### EXERCISE DATA
= Beginning of Section =
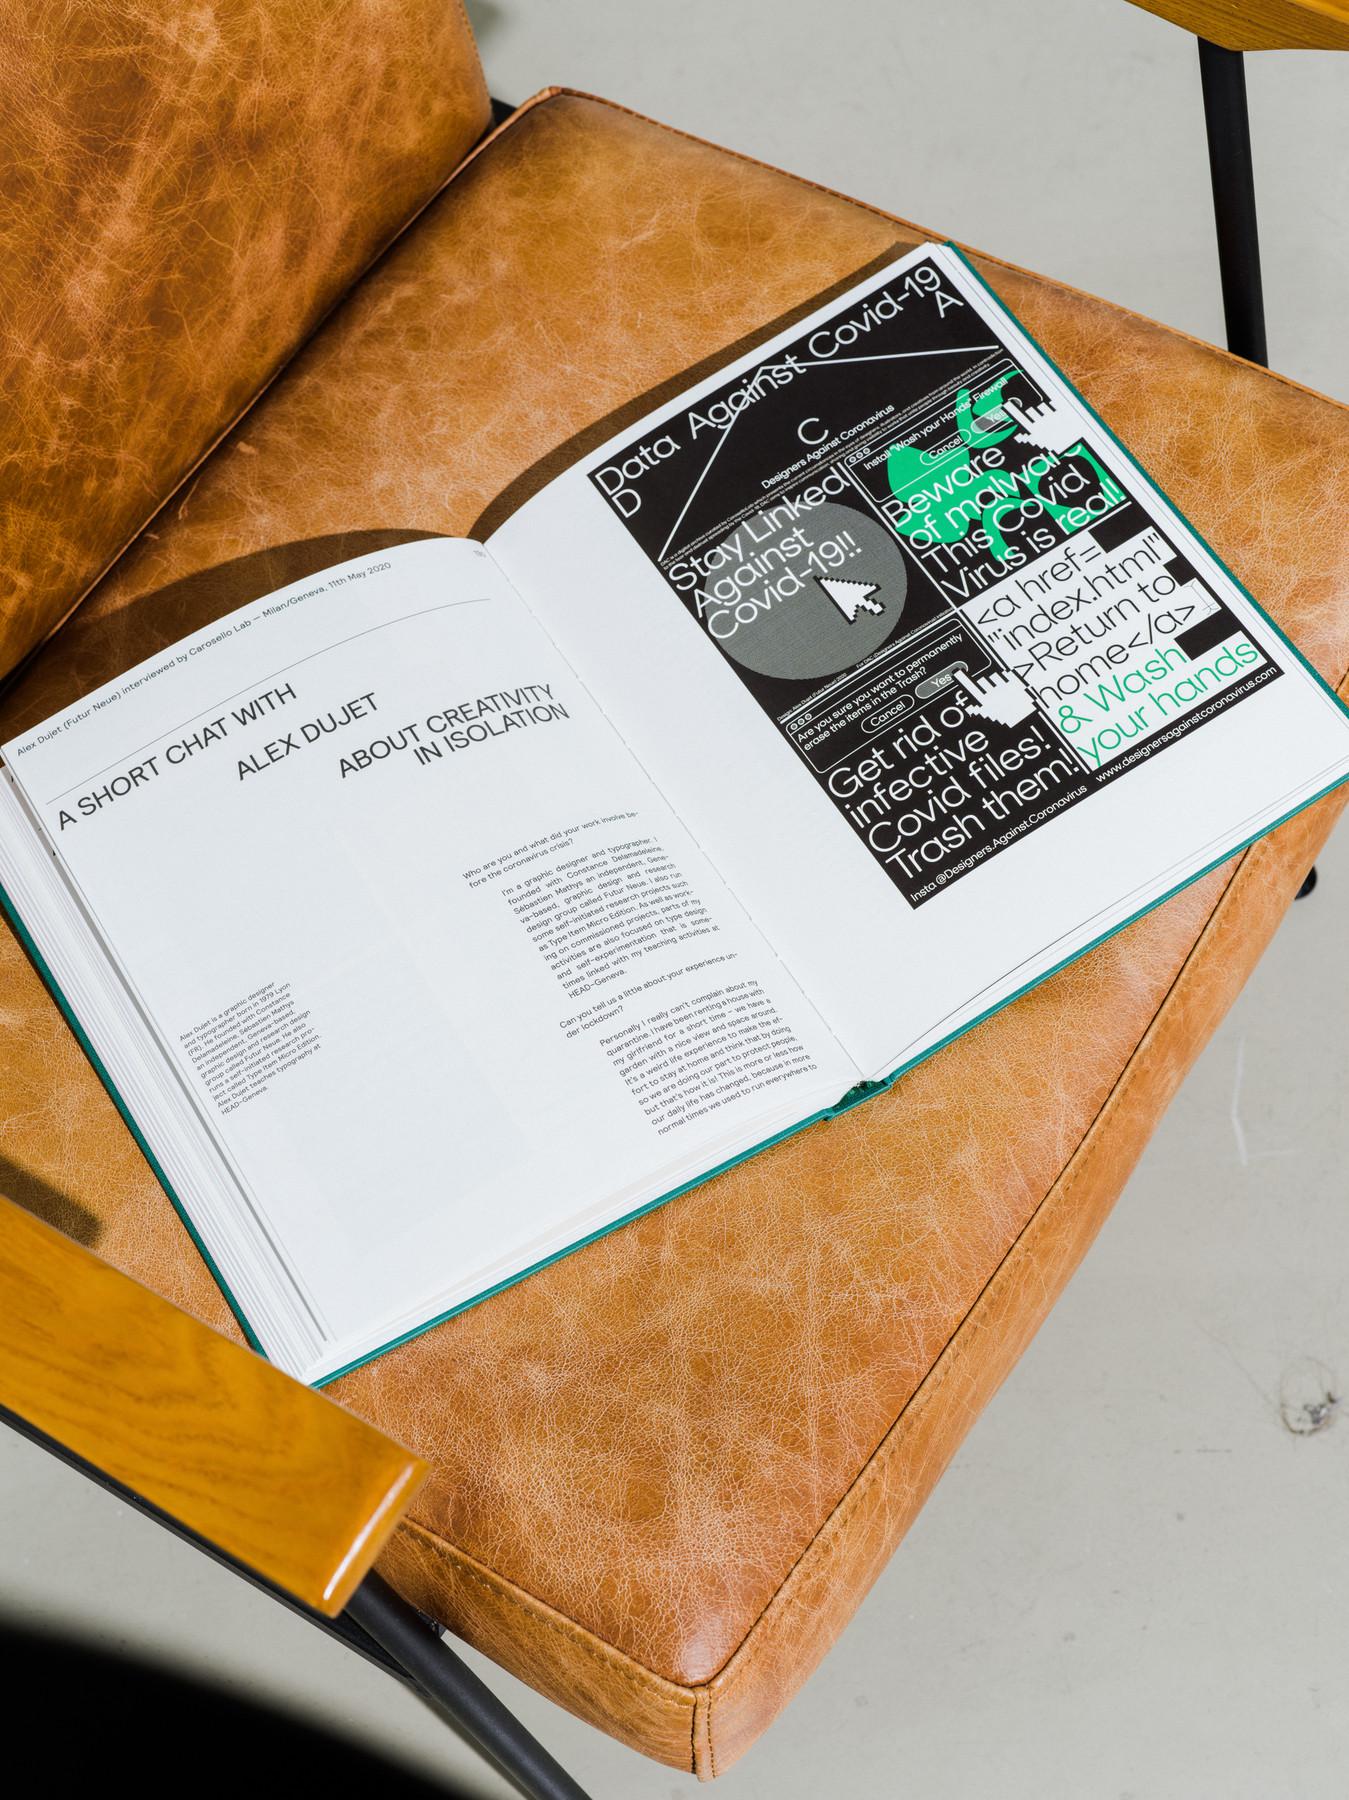 DAC Book CaroselloLab 033
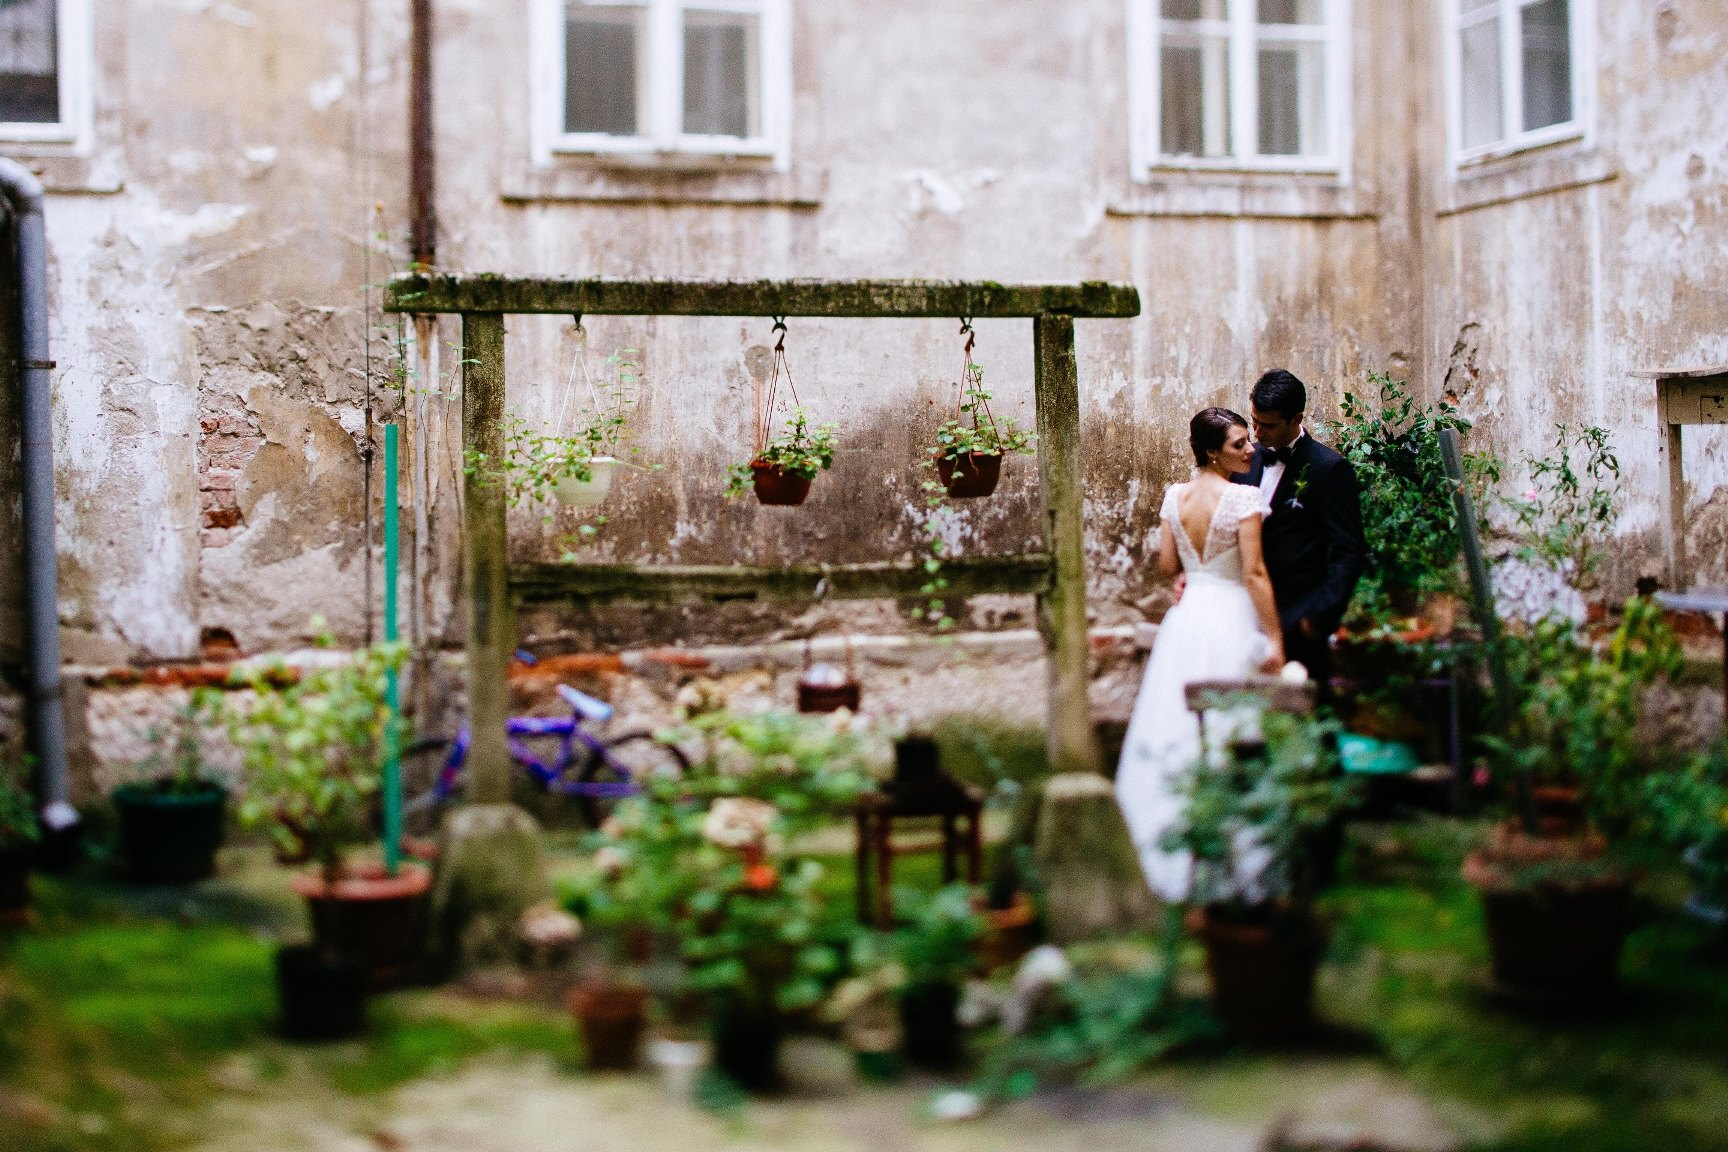 Photographes de mariage Hertfordshire
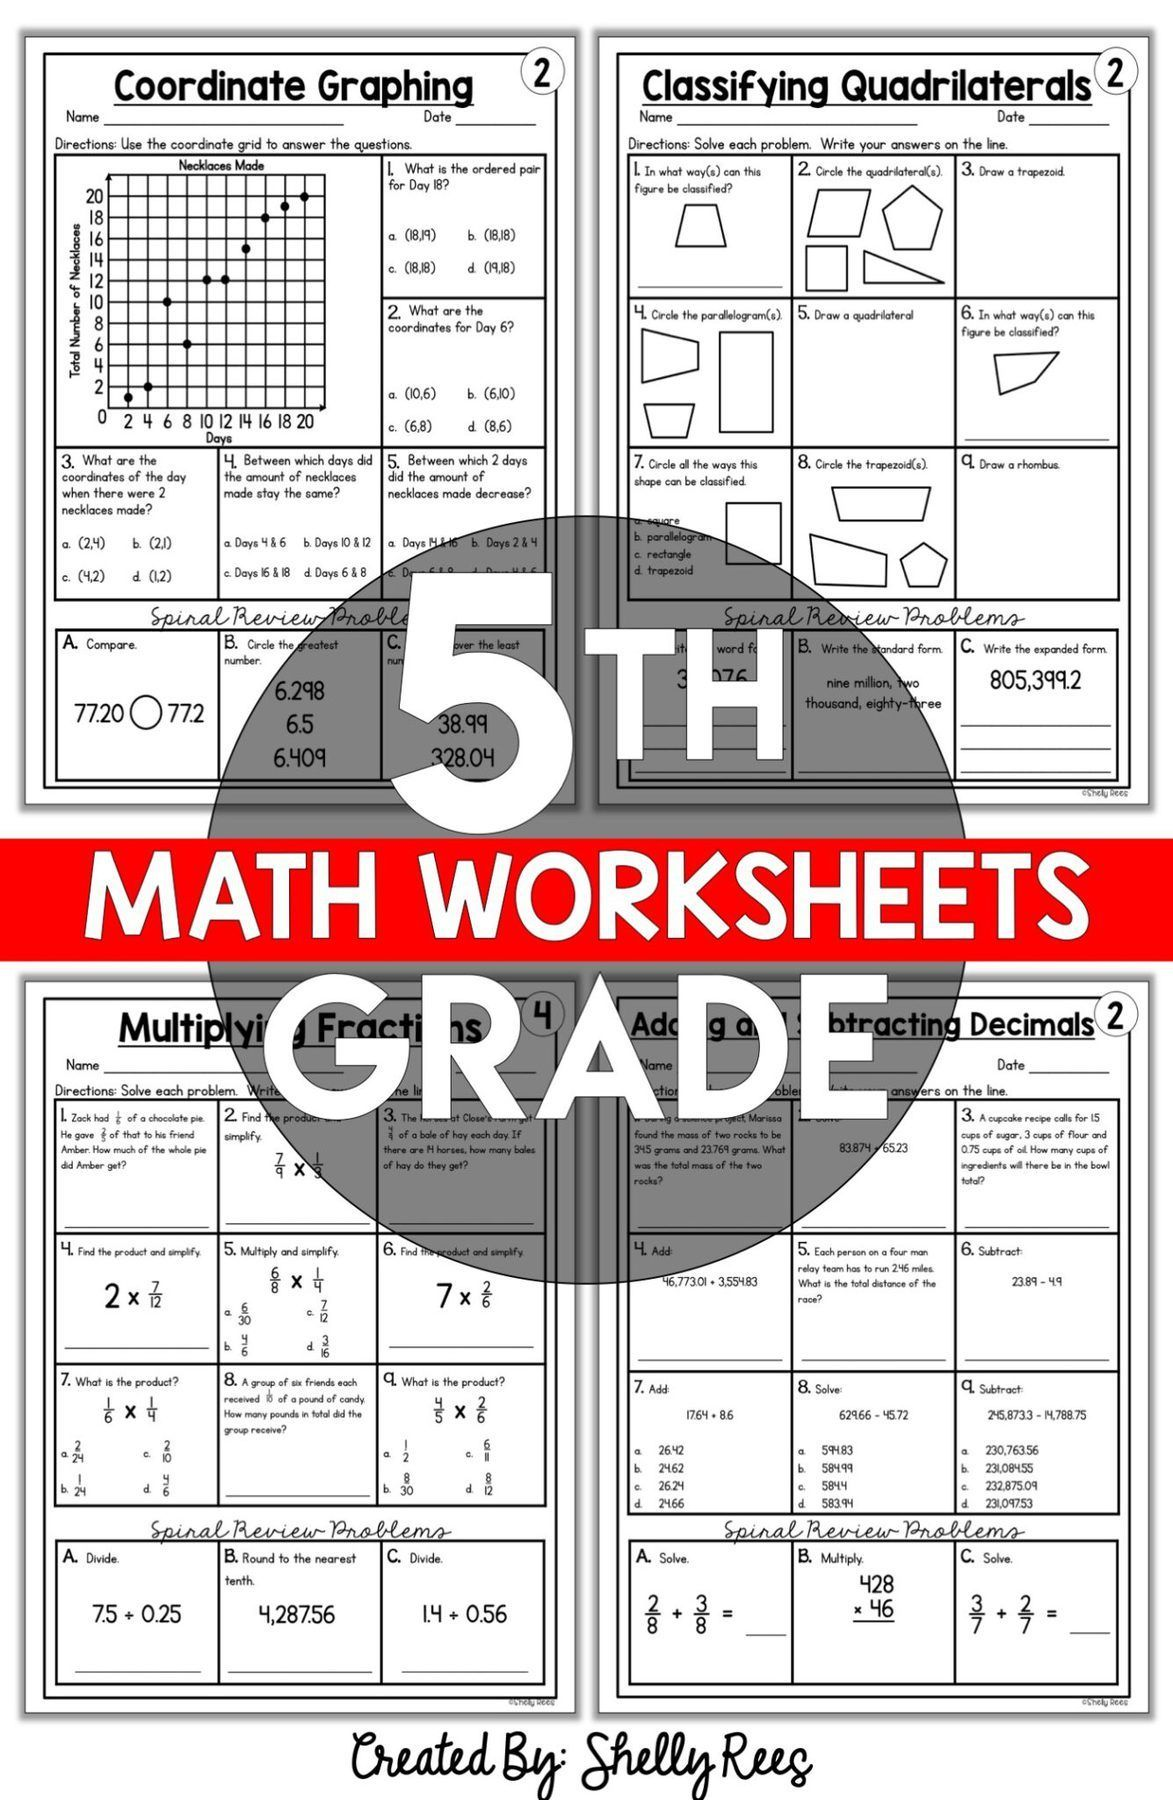 5th Grade Math Worksheets Free And Printable Appletastic Learning 5th Grade Math Math Worksheets Grade 5 Math Worksheets
= End of Section =
### EXERCISE OBJECTIVE
Quote the material exactly. Pictures stay out.

### TASK RESPONSE
 DAC Book CaroselloLab 033
 Photographes de mariage Hertfordshire
 5th Grade Math Worksheets Free And Printable Appletastic Learning 5th Grade Math Math Worksheets Grade 5 Math Worksheets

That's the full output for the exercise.